By Gugu Lourie

Telkom said on Wednesday that the interim order granted by the Labour Court in Johannesburg to stop retrenchments is a “temporary delay” in its much-needed restructuring process of the business.

“We will study the full detail of the judgement to allow us to determine our next steps,” Telkom spokesperson Jacqui O’Sullivan said on Wednesday.

“While the judgment is disappointing, this is a temporary delay in the restructuring of Telkom, which remains a key business requirement for the future sustainability of the organisation.”

The judge has ordered that the dispute, which relates to information sharing, must be referred to the CCMA within five days.

The judge also ordered that the resolution should be expedited.

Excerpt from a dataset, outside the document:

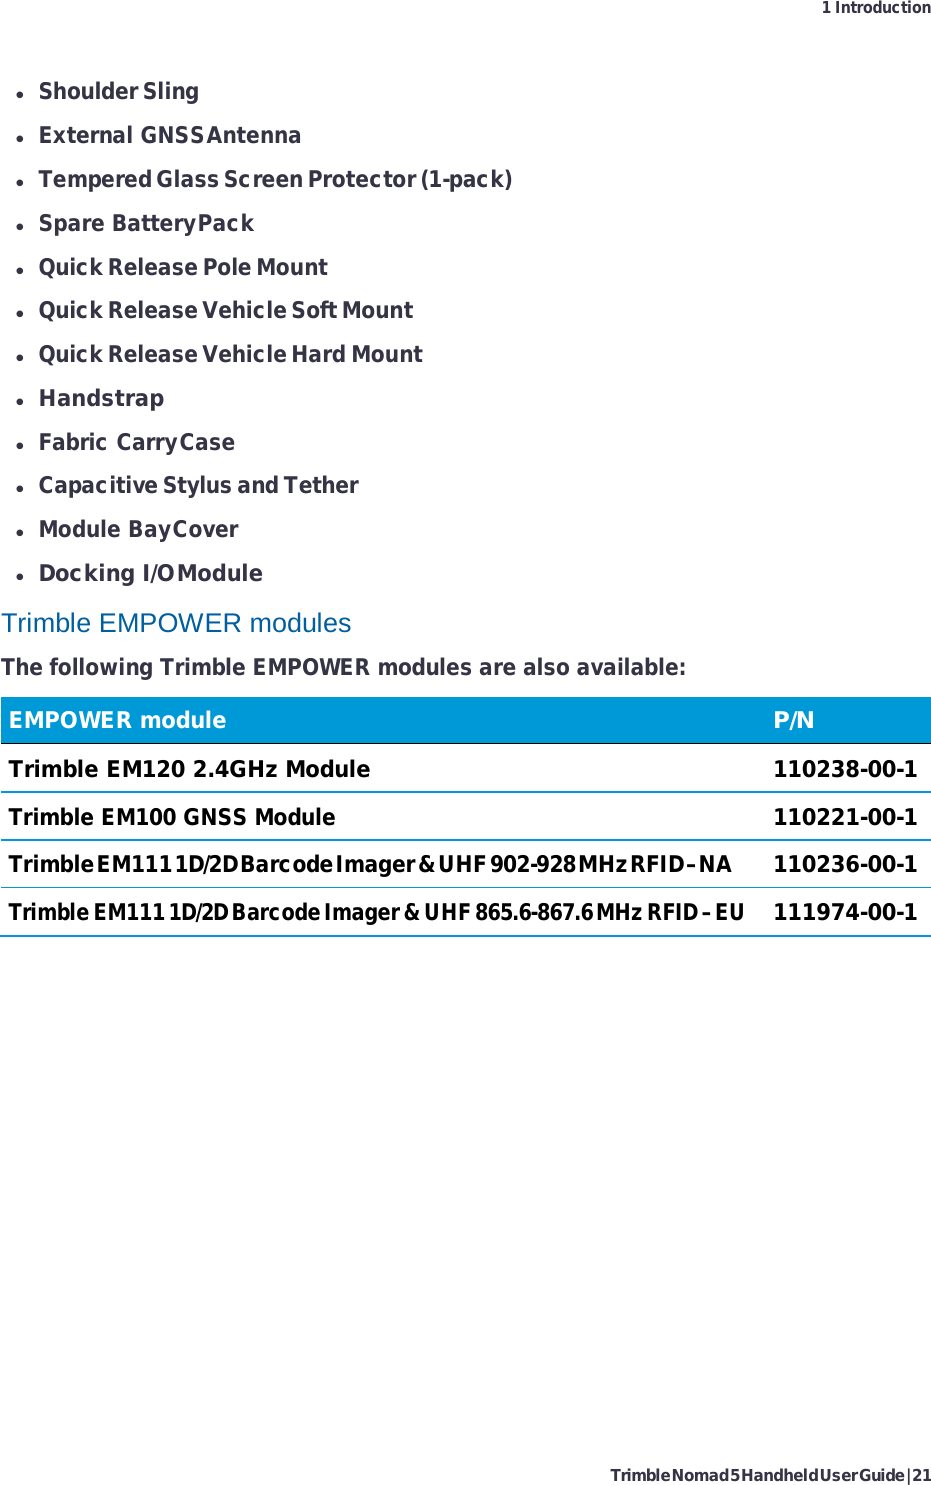 Trimble QCNFA324 2x2 802.11A/B/G/N/AC WiFi+Bluetooth Module User Manual My

O’Sullivan added: “We will certainly adhere to that order and would agree with the judge that a swift resolution of the dispute would be beneficial. Once the ordered dispute resolution has taken place, Telkom will be in a position to continue with the very necessary business turnaround process.”

“Telkom has engaged extensively with organised labour and will continue to follow all required processes to ensure we continually seek to serve both the best interest of the business, as well as our people.”

Sipho Maseko, Telkom chief executive

Telkom – the lifeblood to the country’s banking industry that enables Absa, FNB, Nedbank and Standard Bank to operate their automatic teller machines (ATMs) – has endured a decade of declining business, during which time some observers have predicted its demise.

The company is also central to South Africa’s economic growth story – it provides telecoms solutions to the country’s big corporates among its other important functions.

At the heart of  Telkom’s decision to reduce the number of employees is the obvious desire to make the business leaner, agile and more competitive.

A leaner, agile and more profitable Telkom is good for the whole country.

During the year to March, Telkom reduced its net debt by 92.8% to R151 million and free cash flow increased to R3.9 billion.

CEO Sipho Maseko has been working on a turnaround for quite some time, but fortunately results are starting to show up in Telkom’s latest earnings.

The turnaround is gathering speed, Telkom recorded a normalised profit after tax of R2.7 billion versus R1.2 billion in 2014 and EBITDA of R8.97 billion compared to R7.79 billion in 2014.

Telkom has to follow through on its rightsizing of staff numbers while at the same time pursuing its other objectives that will make it a world class businesses capable of attracting highly-skilled global talent.